**Task prompt:**
Please repeat each line below exactly, with no images in the copy.

**Recorded data:**
————————
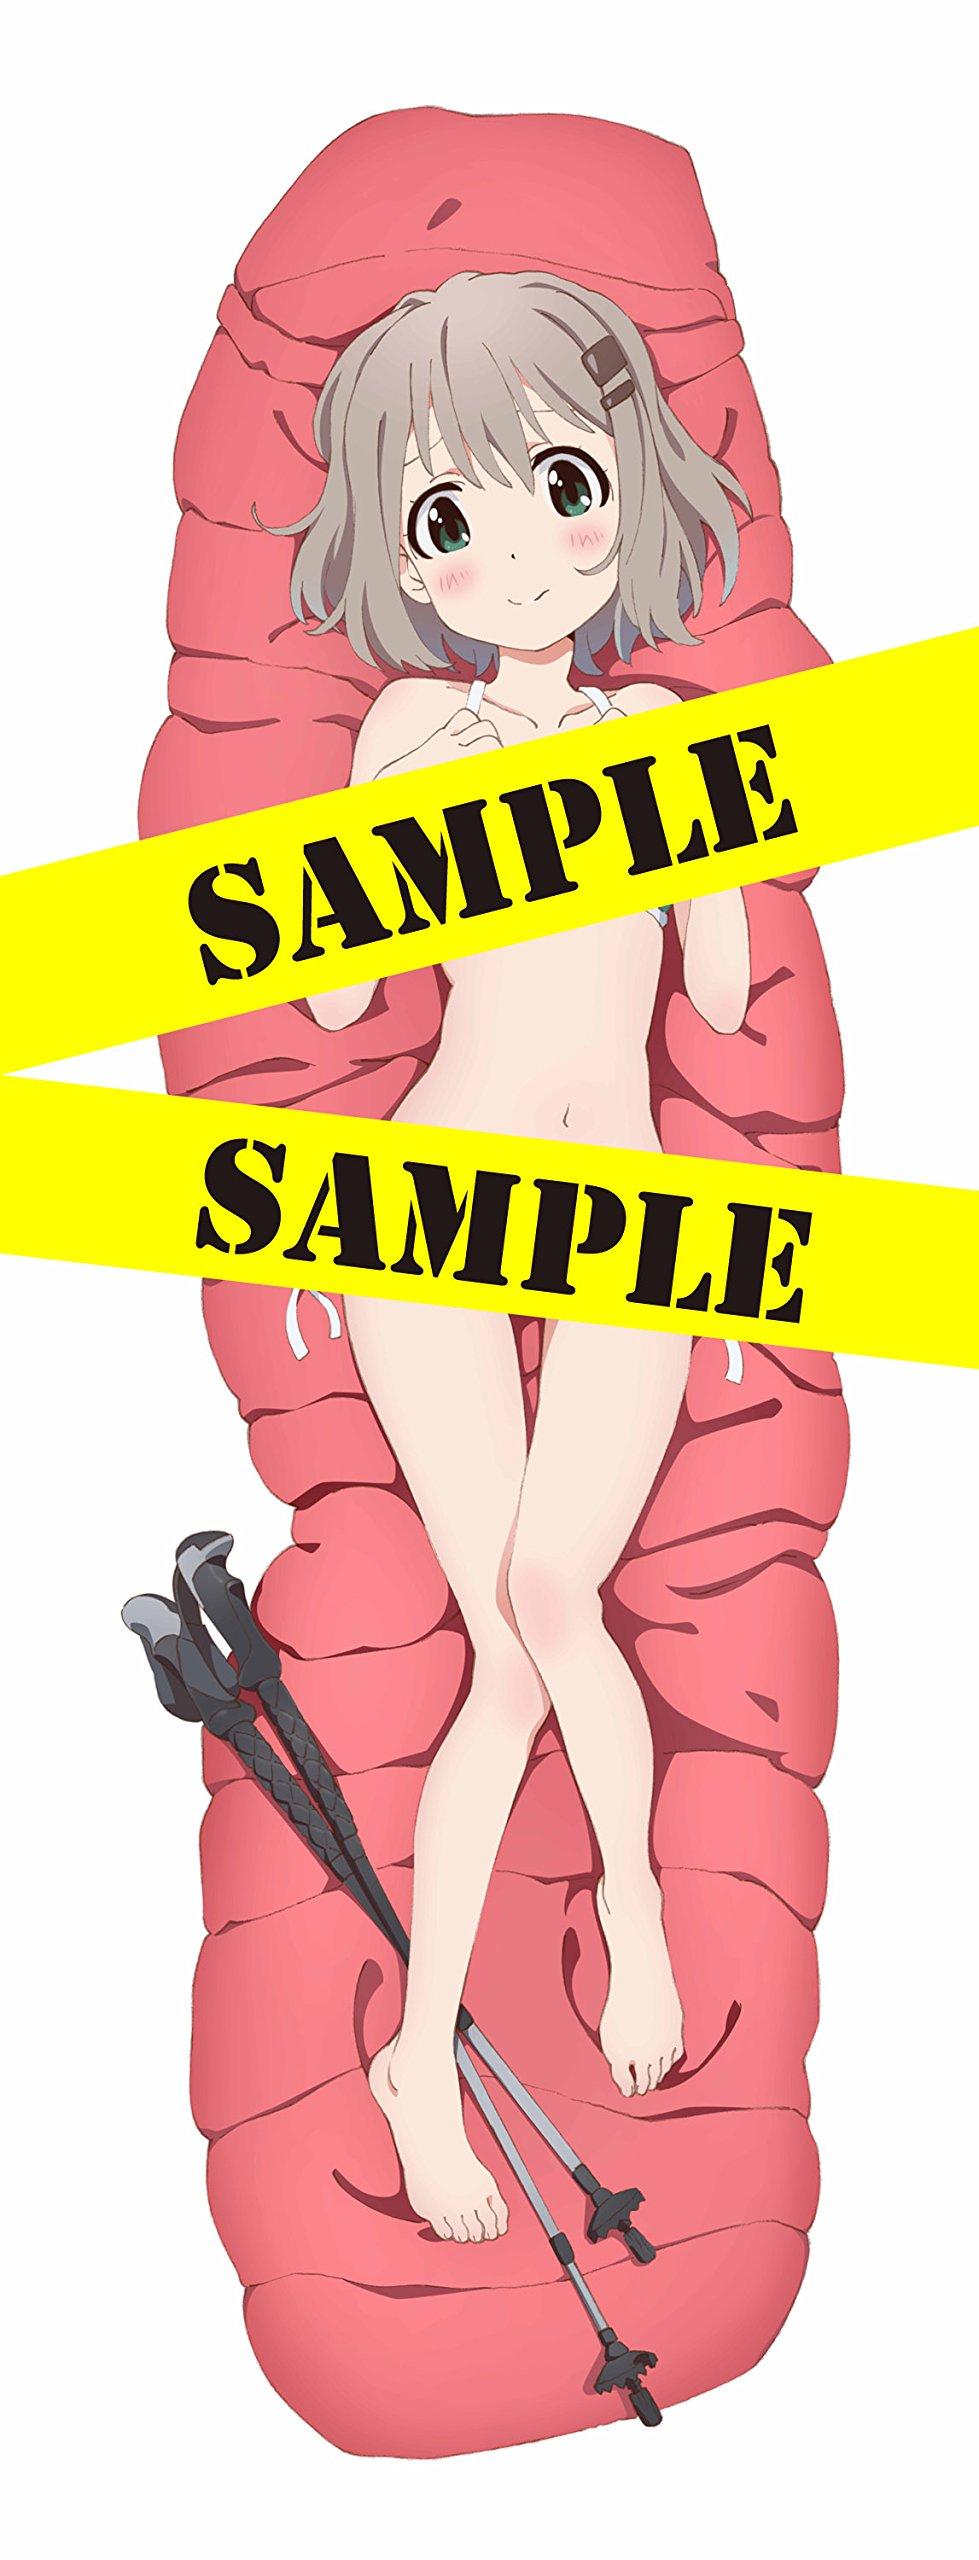 裸の立ち絵画像を集めようぜ Part22©bbspink.com->画像>899枚
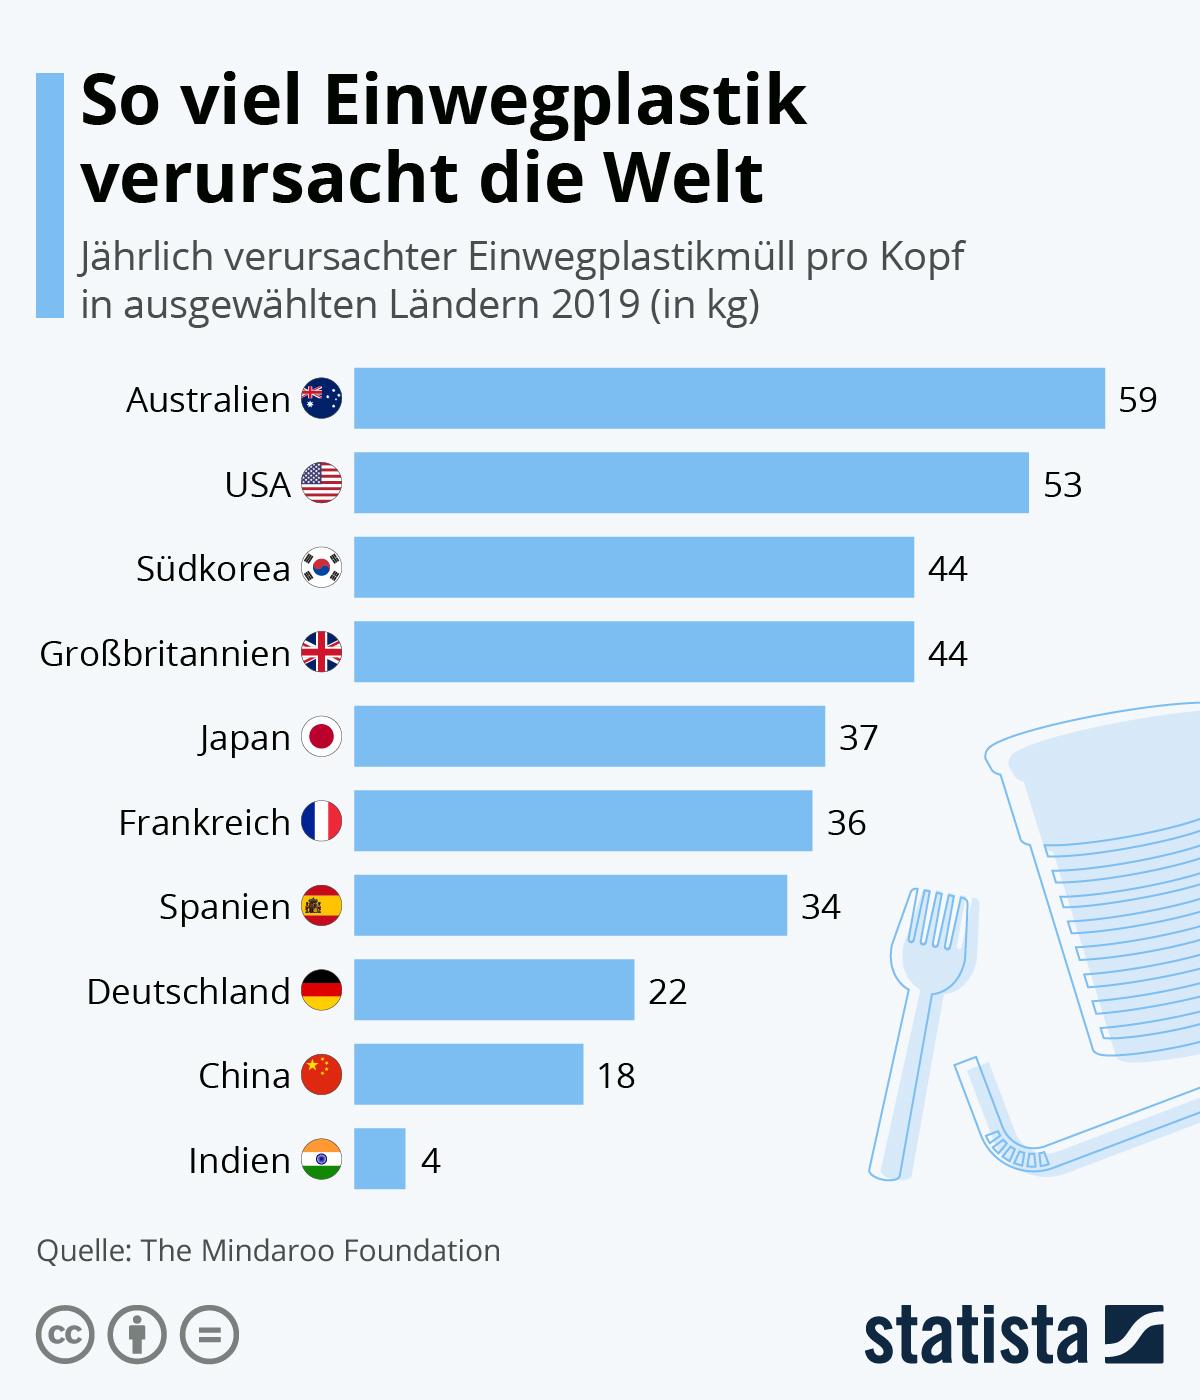 Infografik: So viel Einwegplastik verursacht die Welt | Statista
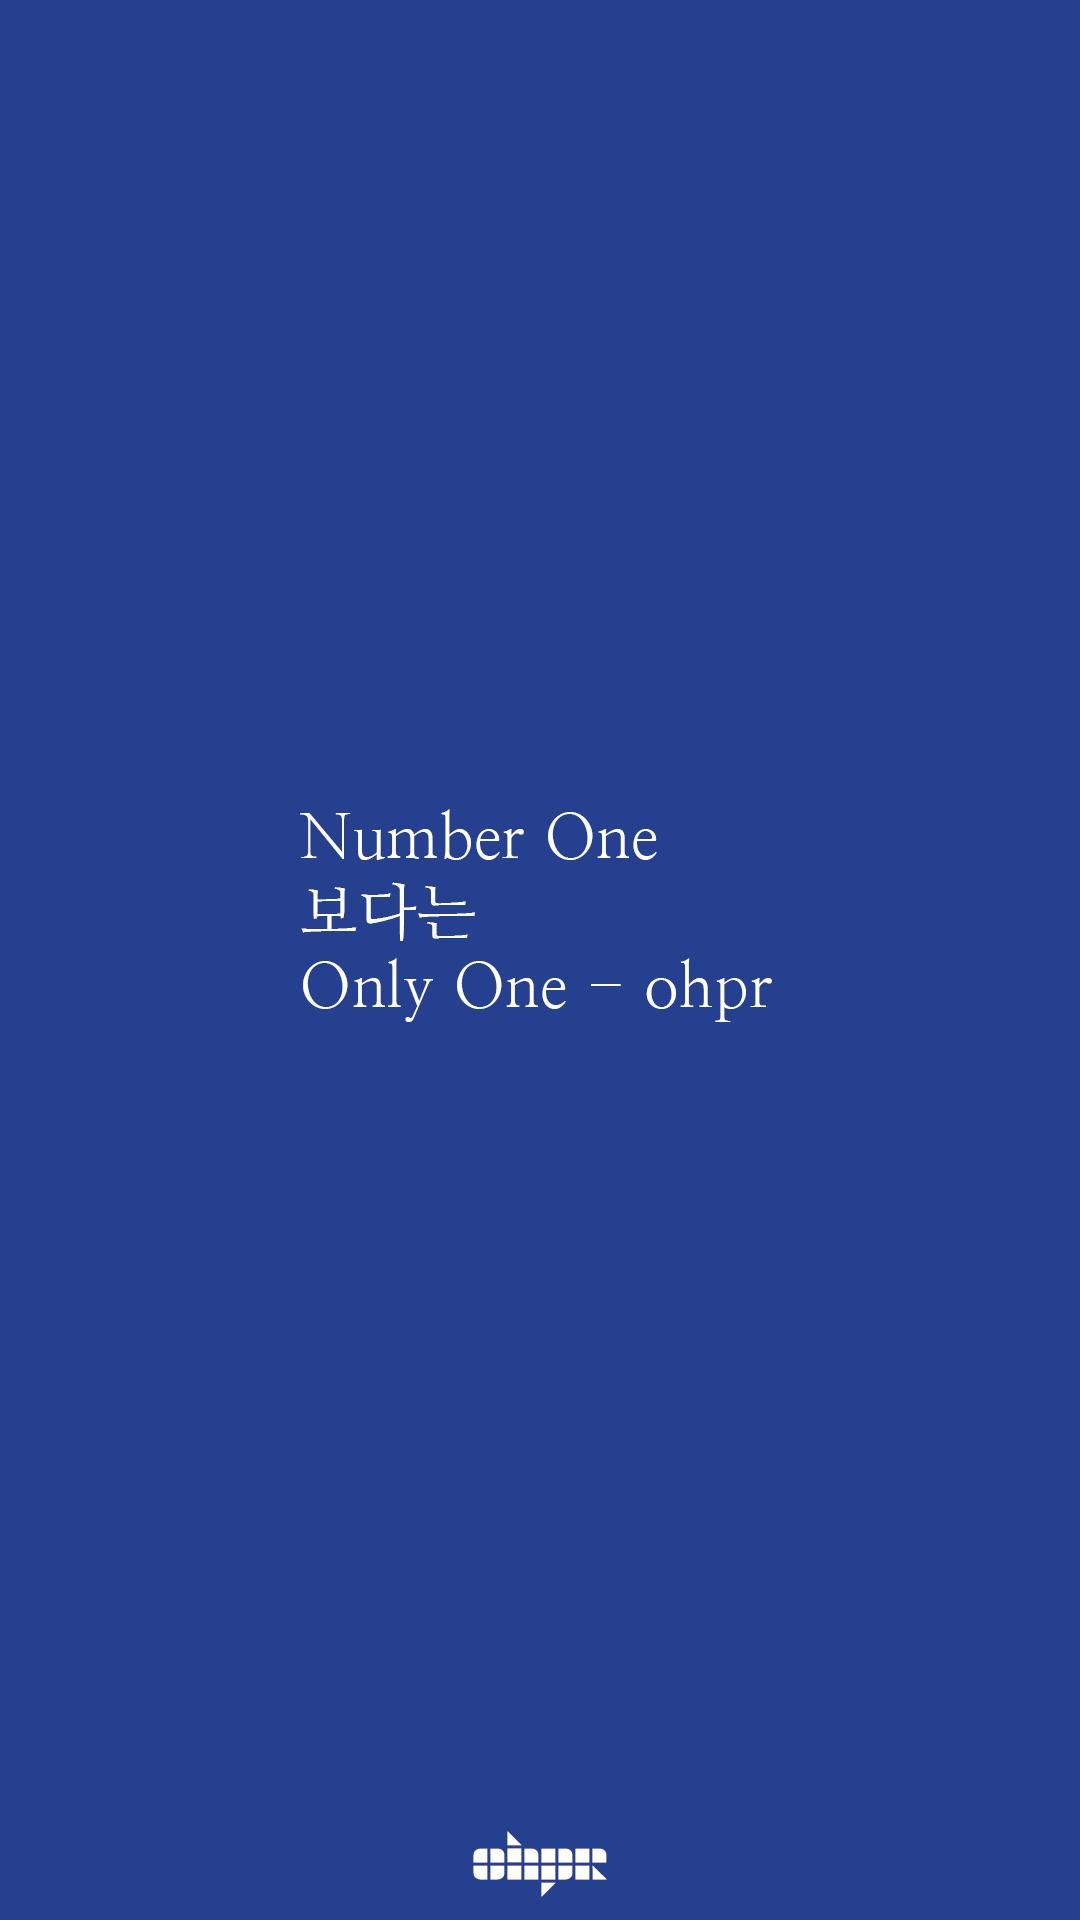 ohpr_wording8
————————
**Response area:**
 裸の立ち絵画像を集めようぜ Part22©bbspink.com->画像>899枚
 Infografik: So viel Einwegplastik verursacht die Welt | Statista
 ohpr_wording8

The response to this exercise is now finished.